- 32°47′50″N 79°57′32″W﻿ / ﻿32.797194°N 79.958817°W
- Location: Charleston, South Carolina
- Type: Academic library
- Established: 1960

= Daniel Library =

The Daniel Library is the main library of The Citadel, and is located on the college's Charleston, South Carolina campus. The library holds approximately 180,000 volumes in addition to extensive digital collections.

==History==
Originally consisting of a single room in The Citadel Academy's campus at Marion Square from 1842, the Cadet Library continued to expand and evolve throughout the college's history. When The Citadel moved to its present location, a library space was constructed in Bond Hall. In 1960, a dedicated structure was completed and known as "The Memorial Library and Museum." The building was renamed in 1972 in honor of Charles E. Daniel, '18 and Robert Hugh Daniel, '29, both lifelong benefactors of the college.

==Structure and renovations==
The Daniel Library building was completed in 1960, and is situated on The Citadel's campus along the Avenue of Remembrance and next to Summerall Chapel. It is a three-story building, with stucco exterior in the same Spanish Moorish-style as other buildings on campus. Major renovations were completed in the fall of 2010, which added a central staircase and revamped first and second floor spaces to add technology, group study spaces, and other updating on the then-half century old building. The renovations cost $2.2 million and were financed entirely with private donations, with the lead gift coming from the Daniel Foundation of Alabama, founded by the namesakes of the Library.

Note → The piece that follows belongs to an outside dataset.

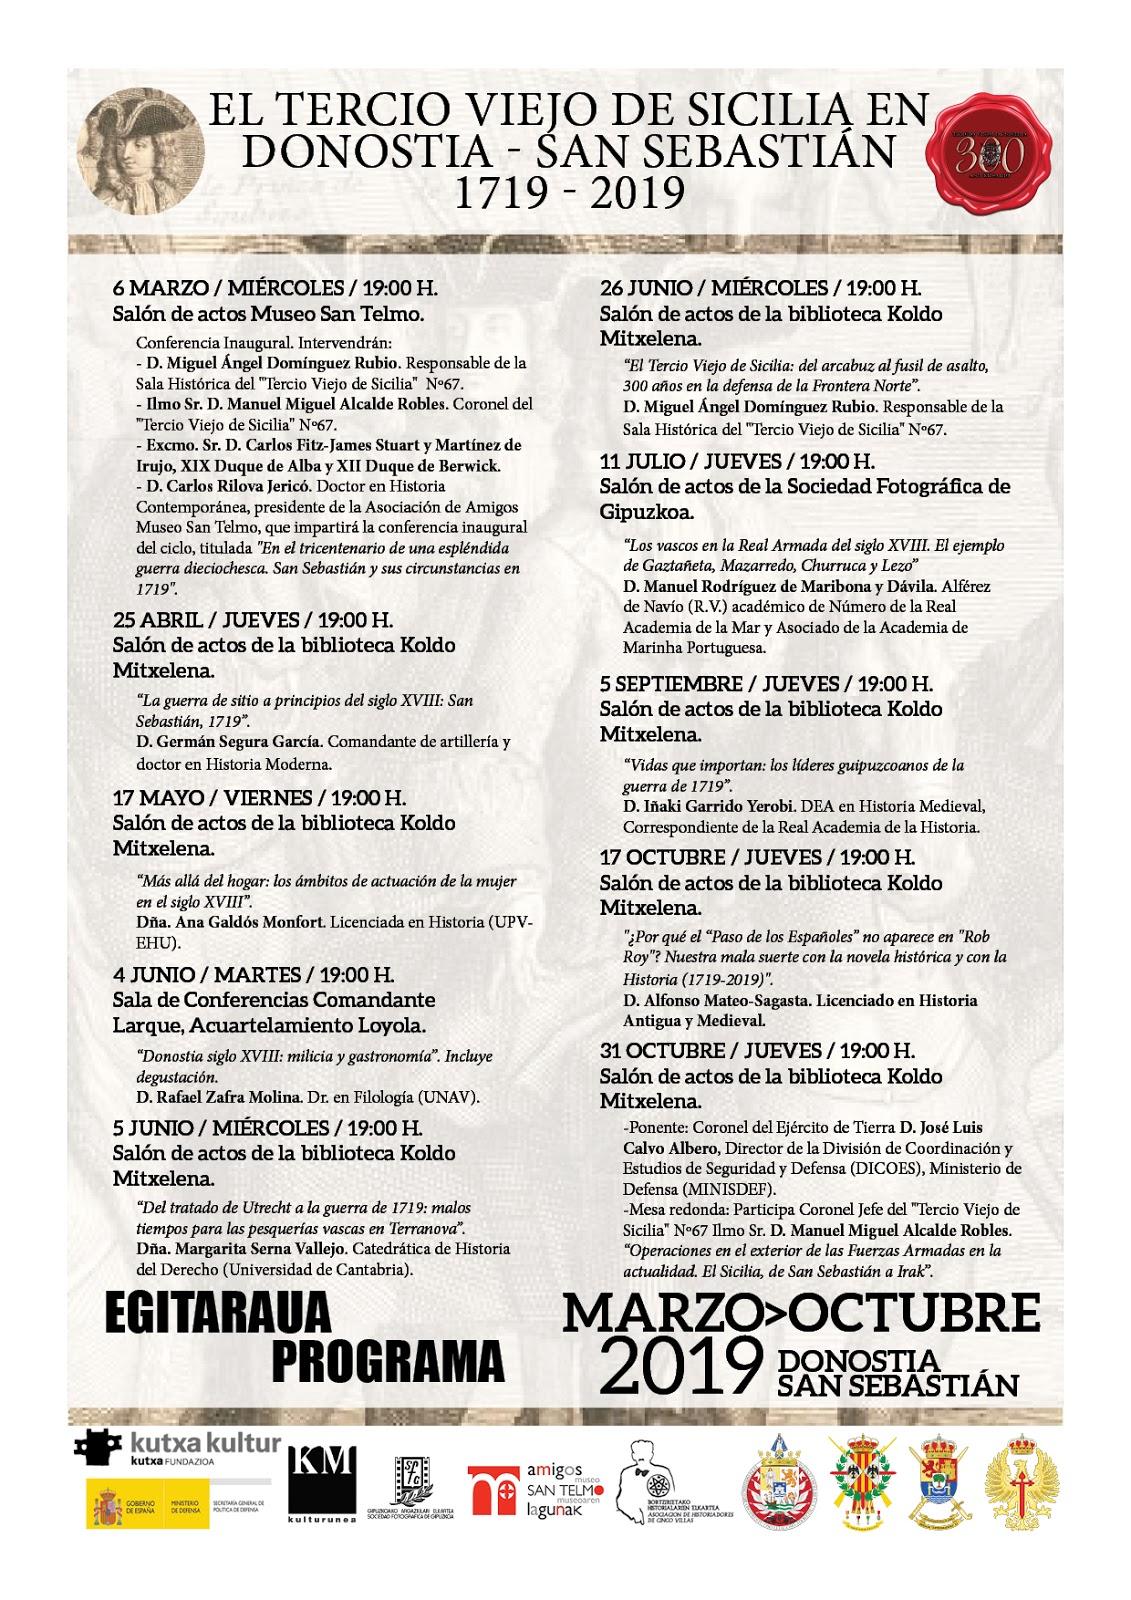 Calendario Laboral Donostia 2019.El Tercio Viejo De Sicilia En Donostia San Sebastian 1719 2019

==The Citadel Archives and Museum==
The third floor of the building houses the campus archives and museum. Digital holdings of letters, diaries, and records are also made available online, and display cases, murals, and other exhibits are displayed throughout the library. Among other exhibits, the Museum features displays on cadet life in earlier years and a collection of class rings dating to 1895. Elsewhere in the library are exhibits relating to author Pat Conroy and swords carried in active military service by alumni including Charles Courtenay Tew and James B. White. The archives also host an extensive Oral History program.